I’m hoping it will reduce to moderate but keep blowing in time for today’s expeditions. Things are starting to blow around, I will have to retreat indoors. So far only the girls are up, except Lone. Sunday is the one day the cook gets off and can have a lie-in. Everybody else can do the same, except Julie. She has to go down to the river and check up on water levels, sediment content etc. at 8 every morning. Sarah is also on the go. She’s made her sandwiches to take down to her plots, where she is hoping to spend most of the day. But in this wind, she won’t be able to work there. Once since she’s been here, they had a storm like this all night, she tells me.
Sarah is measuring the respiration and photosynthesis of controlled plots between the station and the Sound. She waters some every week, to simulate the effect of the increased precipitation that is forecast to become normal in this region as the climate changes. The results will go into her Master’s thesis for Uni in Copenhagen.
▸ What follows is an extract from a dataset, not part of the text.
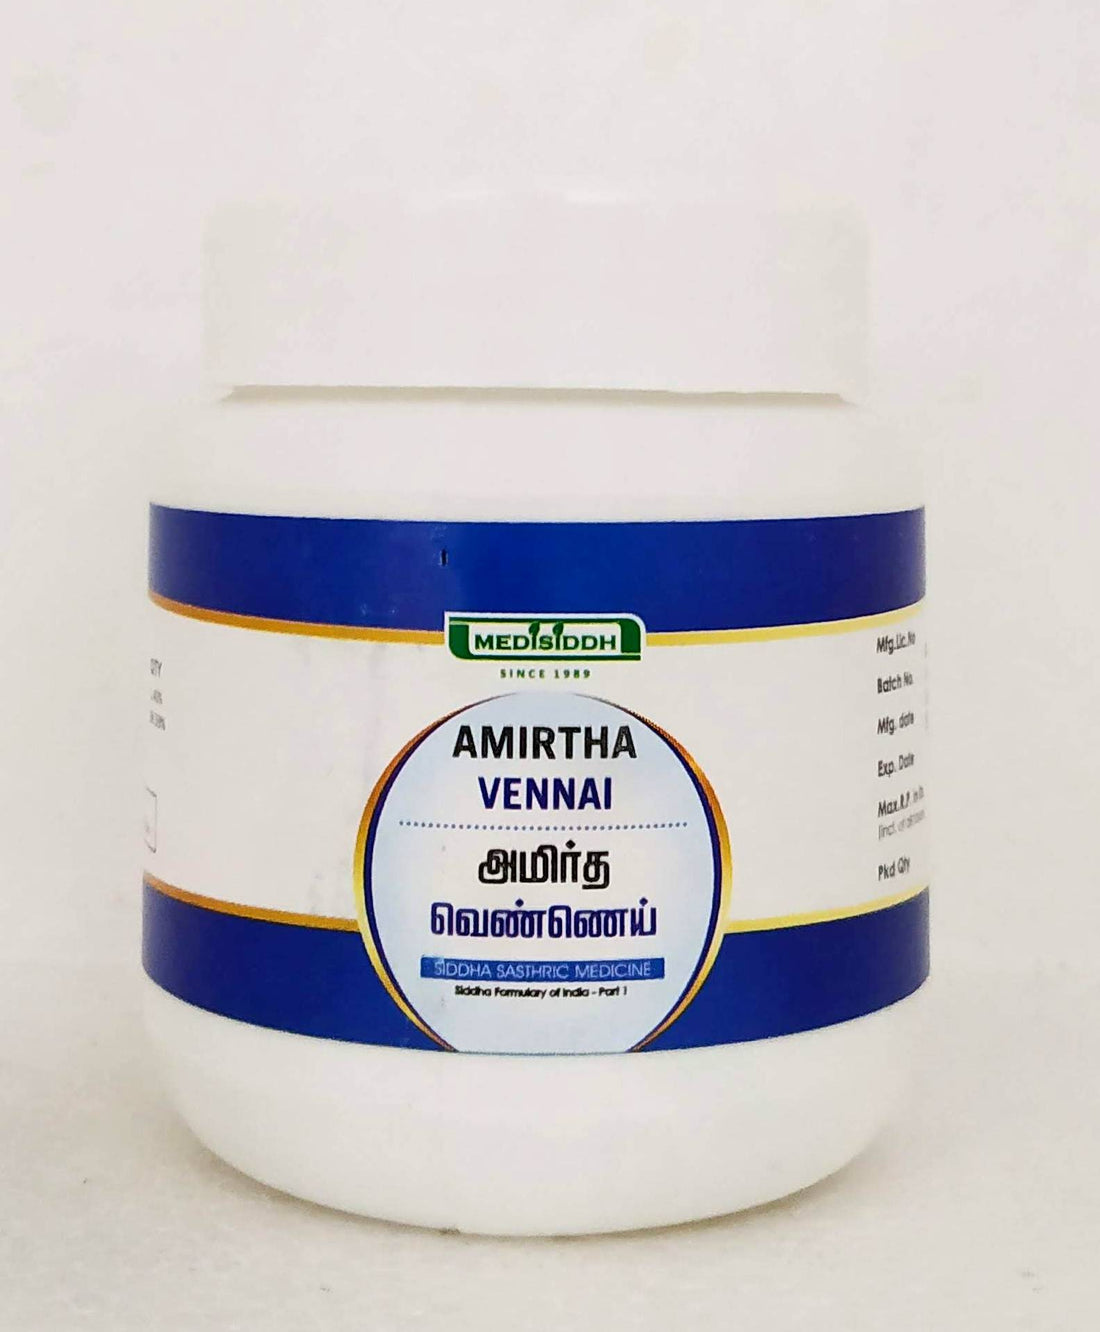 Shop Amirtha vennai 50gm at price 95.00 from Medisiddh Online - Ayush Care

She has measurements taken here over the last 10 years to compare with. I visited Sarah to see how she works, down at the plots last night.
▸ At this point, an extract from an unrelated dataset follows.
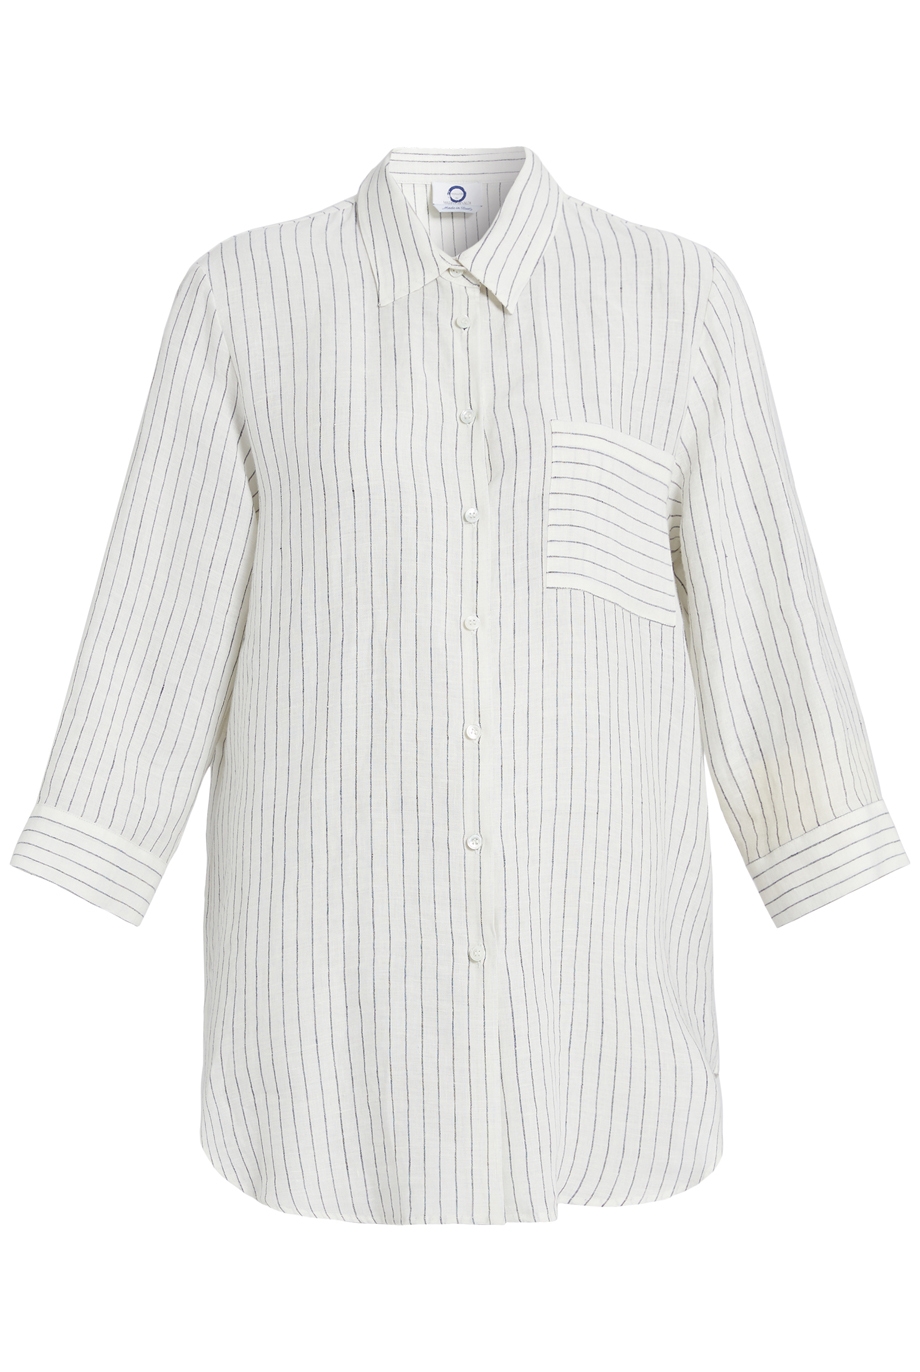 Marina Rinaldi Striped linen shirt - Harvey Nichols

I’m going to go to the methane monitors with Julie again for some special measurements today. But first she has to bring in the co2 monitor, which is still playing up. She’s going to take it apart in the lab. You are very far away from anywhere here if anything goes wrong.
Meanwhile Philip, our logistics expert, has succeeded in repairing the back-up generator, which had somehow blown. This is a separate machine which can give the station emergency power in the event of a fire or other incident in the main generator hut. We certainly don’t need power for light at this time, most of the time we’re even ok for heat. But imagine what would happen to the electronic equipment and all those frozen biological samples of all sorts (!) – if we had no electricity for the fridges and freezers (not to mention the food supplies)…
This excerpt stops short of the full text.